### Recorded data ###

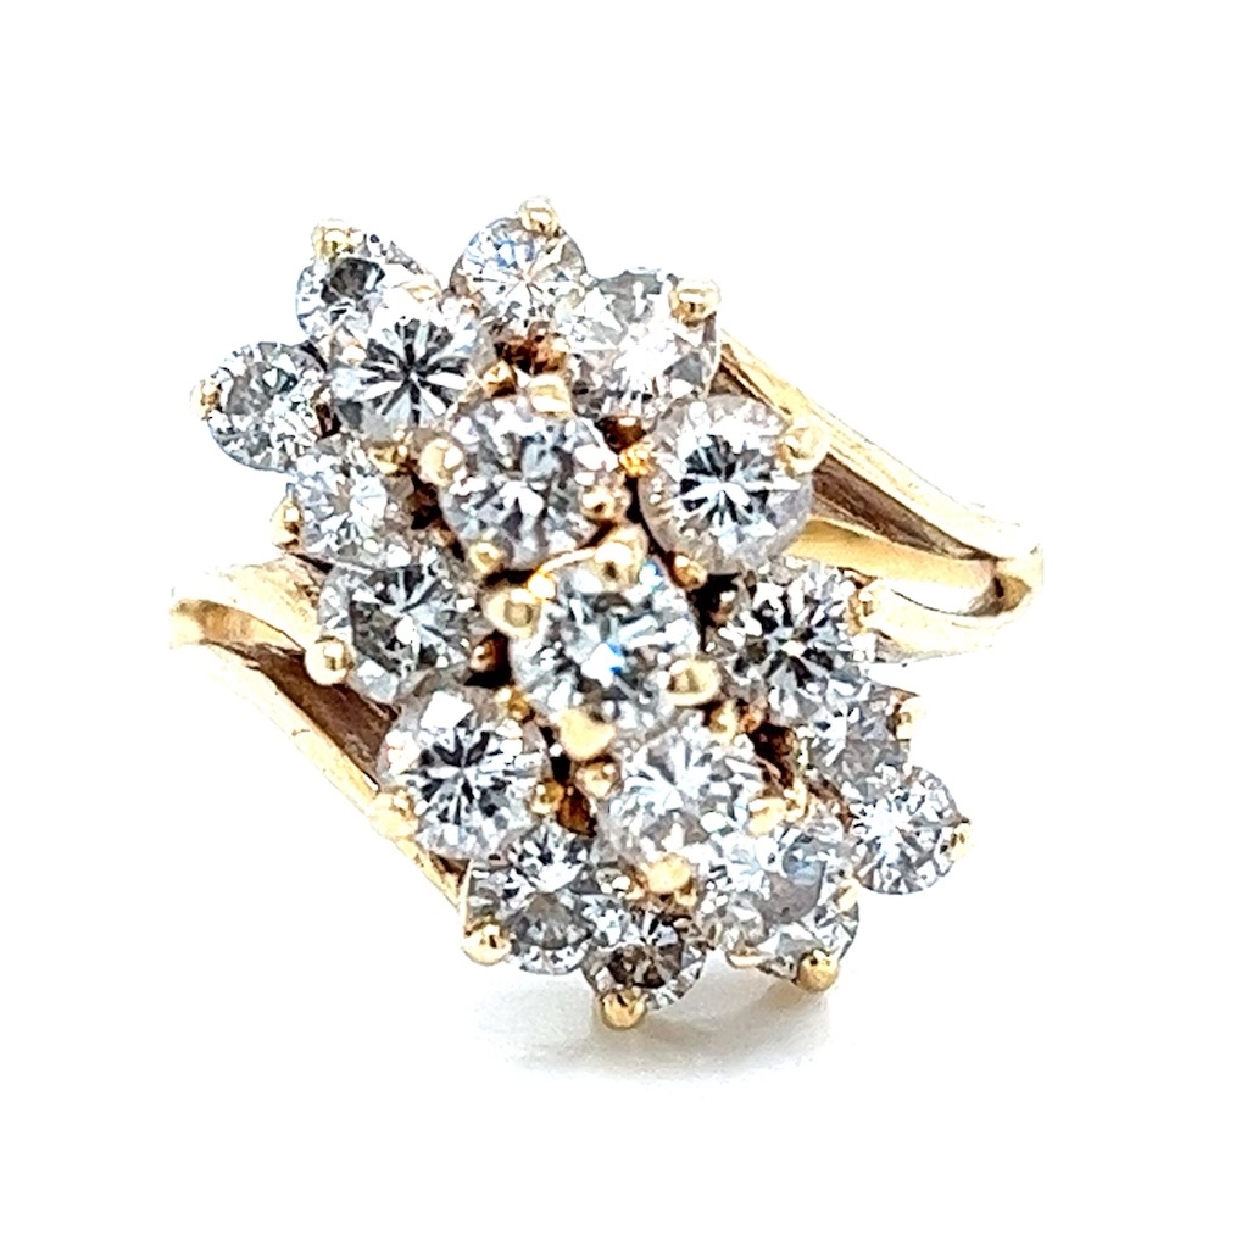 14K Yellow Gold Three Row Brown Diamond Ring Size 8.5 
2.50CT
*Two chipped diamonds

###

§ What the task asks:
Could you give the listing above again word for word, without any pictures?

§ Output below:
 14K Yellow Gold Three Row Brown Diamond Ring Size 8.5 
2.50CT
*Two chipped diamonds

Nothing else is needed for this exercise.